If the Transaction is not approved by the MidCap Fund’s shareholders or does not close for any reason, such shareholders will remain shareholders of the MidCap Fund, and the MidCap Fund will continue to operate. The Board then will consider such other actions as it deems necessary or appropriate, including possible liquidation, for the MidCap Fund.
What are the federal income tax consequences of the Transaction?

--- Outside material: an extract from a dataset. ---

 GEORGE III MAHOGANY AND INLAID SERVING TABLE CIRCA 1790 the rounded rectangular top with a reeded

The Transaction is intended to qualify as a tax-free reorganization for federal income tax purposes, and the delivery of a legal opinion to that effect is a condition of closing the Transaction, although there can be no assurance that the Internal Revenue Service will adopt a similar position. Shareholders should consult their tax adviser about state and local tax consequences of the Transaction, if any, because the information about tax consequences in the Prospectus/Proxy Statement relates only to the federal income tax consequences of the Transaction.

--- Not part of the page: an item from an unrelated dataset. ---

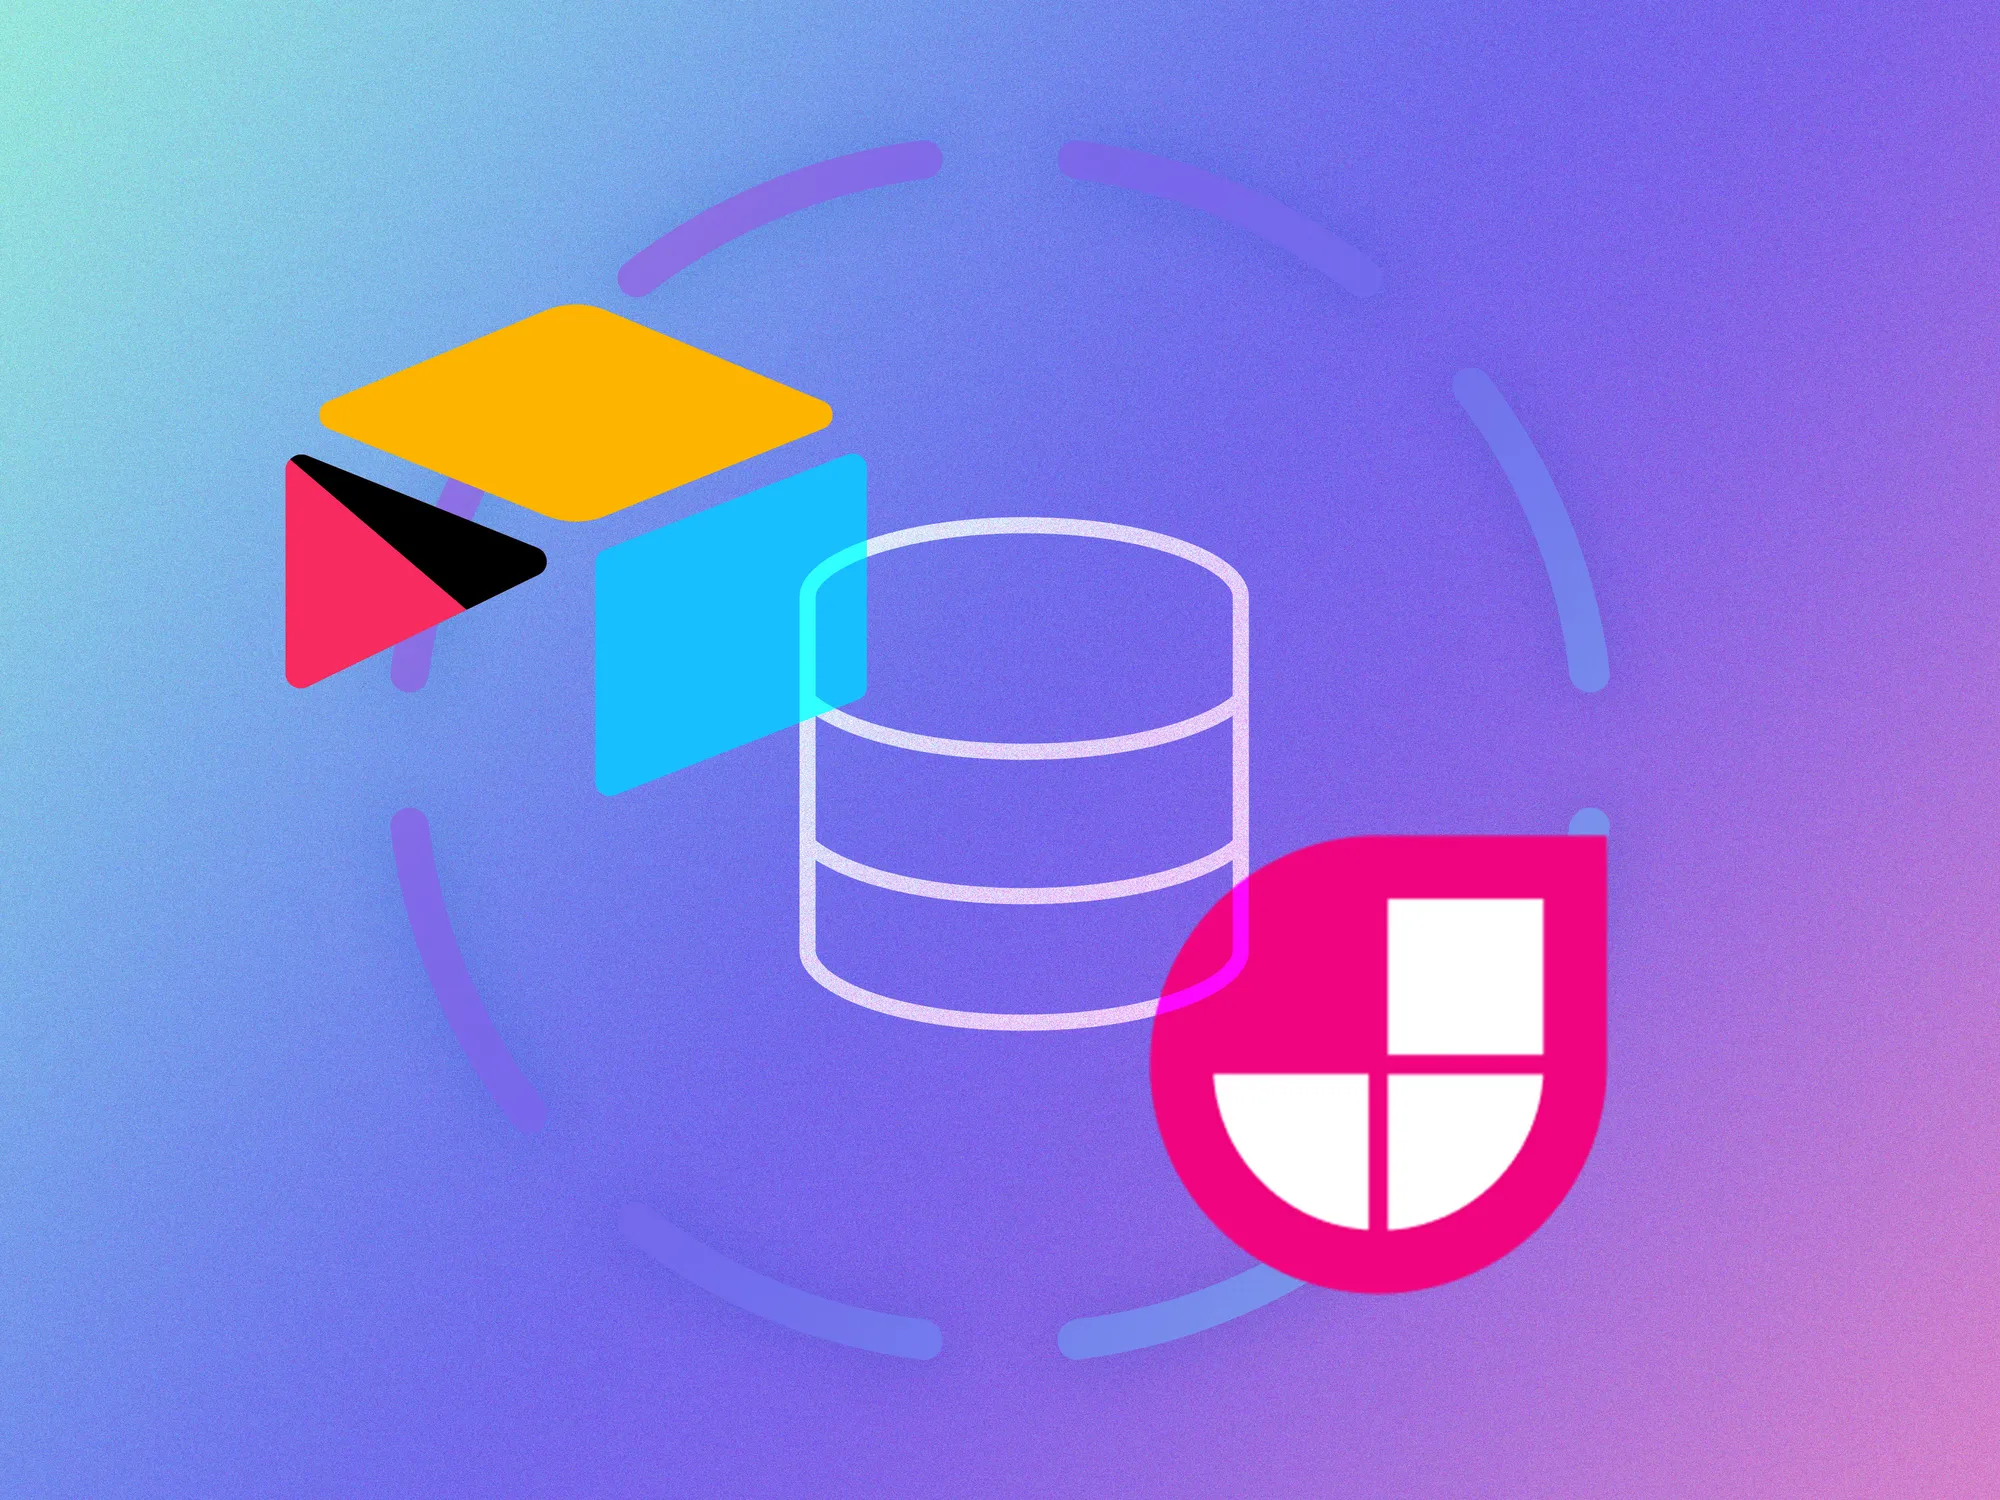 Illustration of Airtable and Jamstack logos with data icon.

THE BOARD OF TRUSTEES UNANIMOUSLY RECOMMENDS A VOTE “FOR” THE PROPOSAL
PHONE: | To cast your vote by telephone with a proxy specialist, call the toll-free number found on your proxy card. Representatives are available to take your voting instructions Monday through Friday 9:00 a.m. to 10:00 p.m. Eastern Time. |
MAIL: | To vote your proxy by mail, check the appropriate voting box on the proxy card, sign and date the card and return it in the enclosed postage-paid envelope. |
TOUCH-TONE: | To cast your vote via a touch-tone voting line, call the toll-free number and enter the control number found on your proxy card. |
INTERNET: | To vote via the Internet, go to the website on your proxy card and enter the control number found on the proxy card. |
Proxy Materials Are Available Online At: www.proxyonline.com/docs/FTproxy
NAME OF FUND | CUSIP | CLASS | TICKER |
Franklin MidCap Value Fund | 355 148 818 | A | FMVAX |
Franklin MidCap Value Fund | 355 148 792 | C | FMVCX |
Franklin MidCap Value Fund | 355 148 784 | R | FMVRX |
Franklin MidCap Value Fund | 355 148 776 | Advisor | FMVZX |
Note: Capitalized terms used herein and not defined herein are used with the meanings given them in the MidCap Fund’s Prospectus/Proxy Statement.
AST Fund Solutions, LLC is mentioned on pages 8 and 38 of the proxy statement.
The expenses of entering into and carrying out the provisions of the Plan shall be borne as follows: each Fund will pay 25% of the costs of the Reorganization. Franklin Advisory Services, LLC, the investment manager for each Fund, will pay 50% of the costs of the Reorganization.